(no subject)

Dec 14, 2004 12:09

people are so full of shit.
and it cracks me up because ive been told twice since ive moved here that I am full of shit.
apparantly it is impossible to have done as much as ive done by 22. BULLSHIT. everyone down here is just to stuck in their own little bubble to ever have experienced anything. shit, i met a guy that had never been out of missouri. AND KANSAS IS LIKE 15 MINUTES AWAY. youve gotta be kidding me. GRRRR!!!!! i fucking hate everyone. ok. not everyone. but damn near everyone.

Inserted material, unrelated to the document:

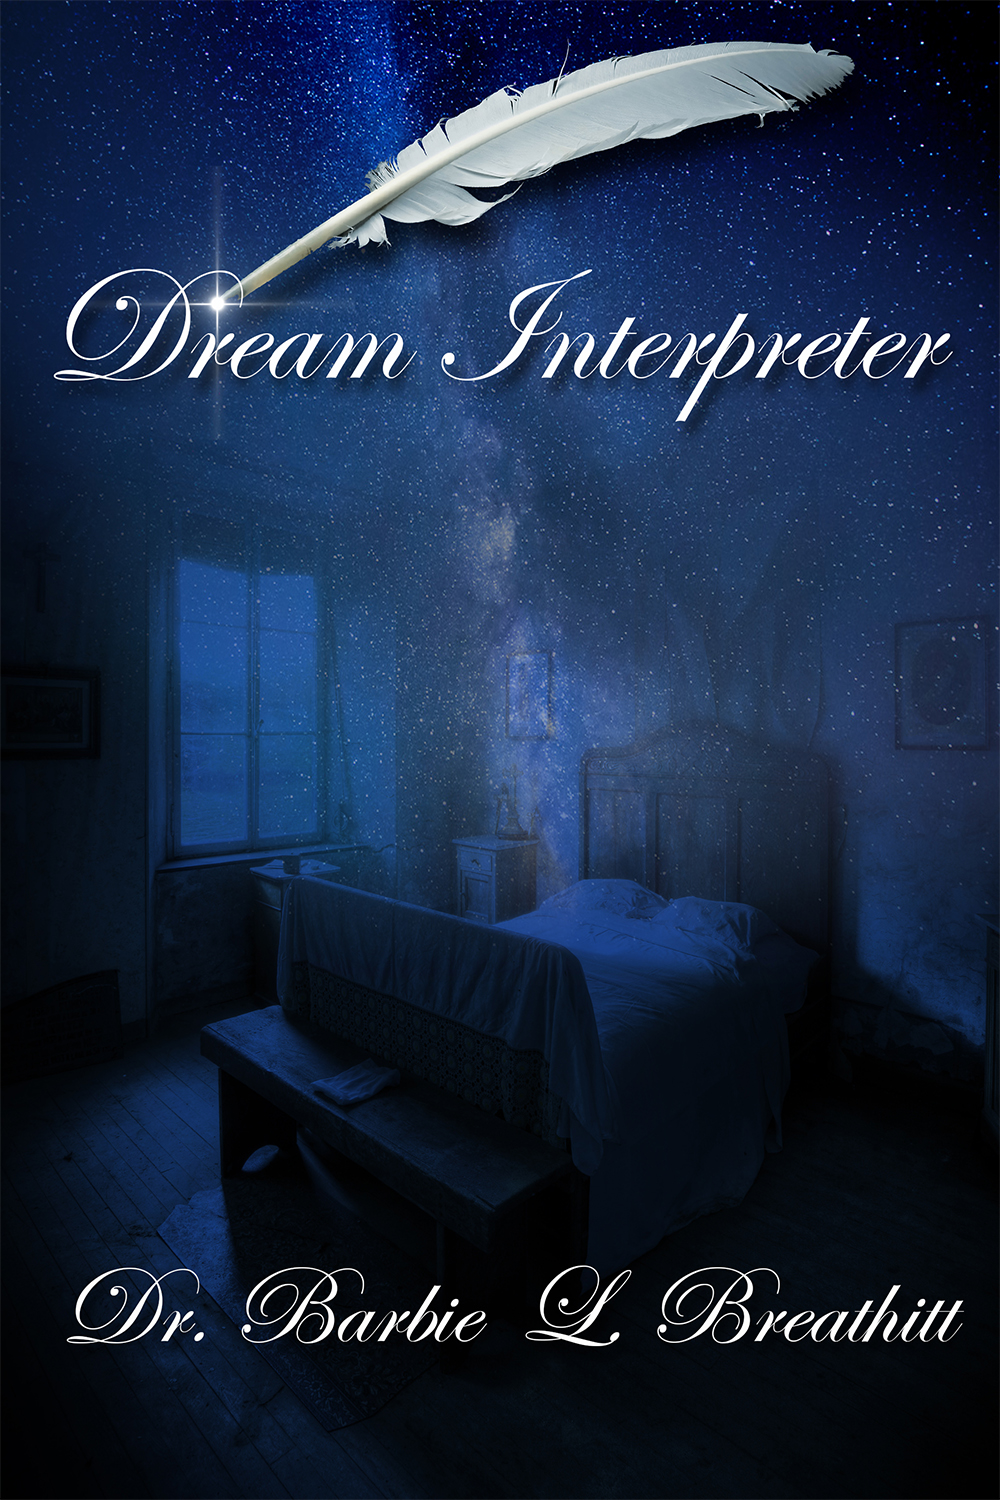 Dream+Interpreter+web.jpg

i know its just a jealousy issue but i hate saying that. it makes me feel like im saying theres something to be jealous of and thats not how i view my life. ive done alot of cool shit yes, but nothing no one else couldnt have done with alot of effort.
everyone keeps telling me to not stress over what everyone thinks and thats so what im doing right now. dammit. but isnt that the way you get ahead? considering what people think, adapting to it, and using it to your advantage?

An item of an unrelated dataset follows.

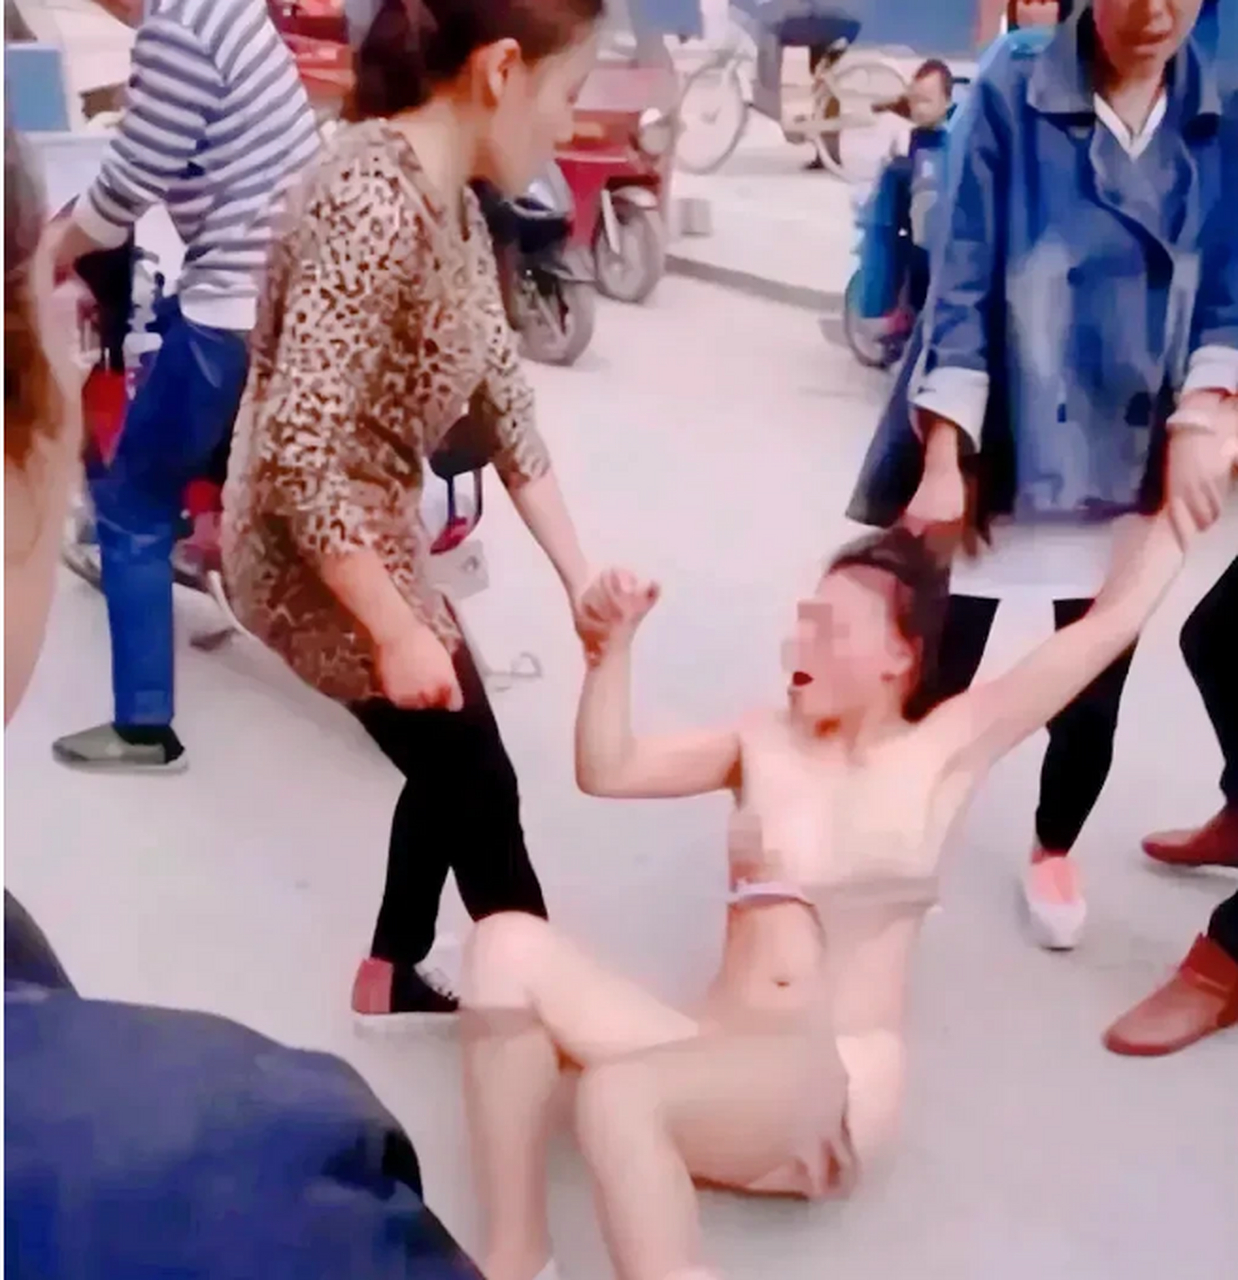 这一幕场景不堪入目,小三衣衫不整,躺倒在地上,几个女人拉着她的手

this kid i used to smoke with told me one time if he had to describe me in one word it would be "chameleon". and that i was the most adaptive person hed ever seen. like a super agent. that was the first time i ever felt good about that.
i view myself as being caught in between. i dont want to be to punk, to tree-huggerish, to new wave. but im a little but of everything all rolled into one big mess. and i dont think that will ever change. and who the fuck said you cant wear american eagle with a pyramid belt anyways??? gah.
side note: im so sick of men acting like children. maybe the women my age are doing the same thing but i dont hang out with enough to know. GROW UP.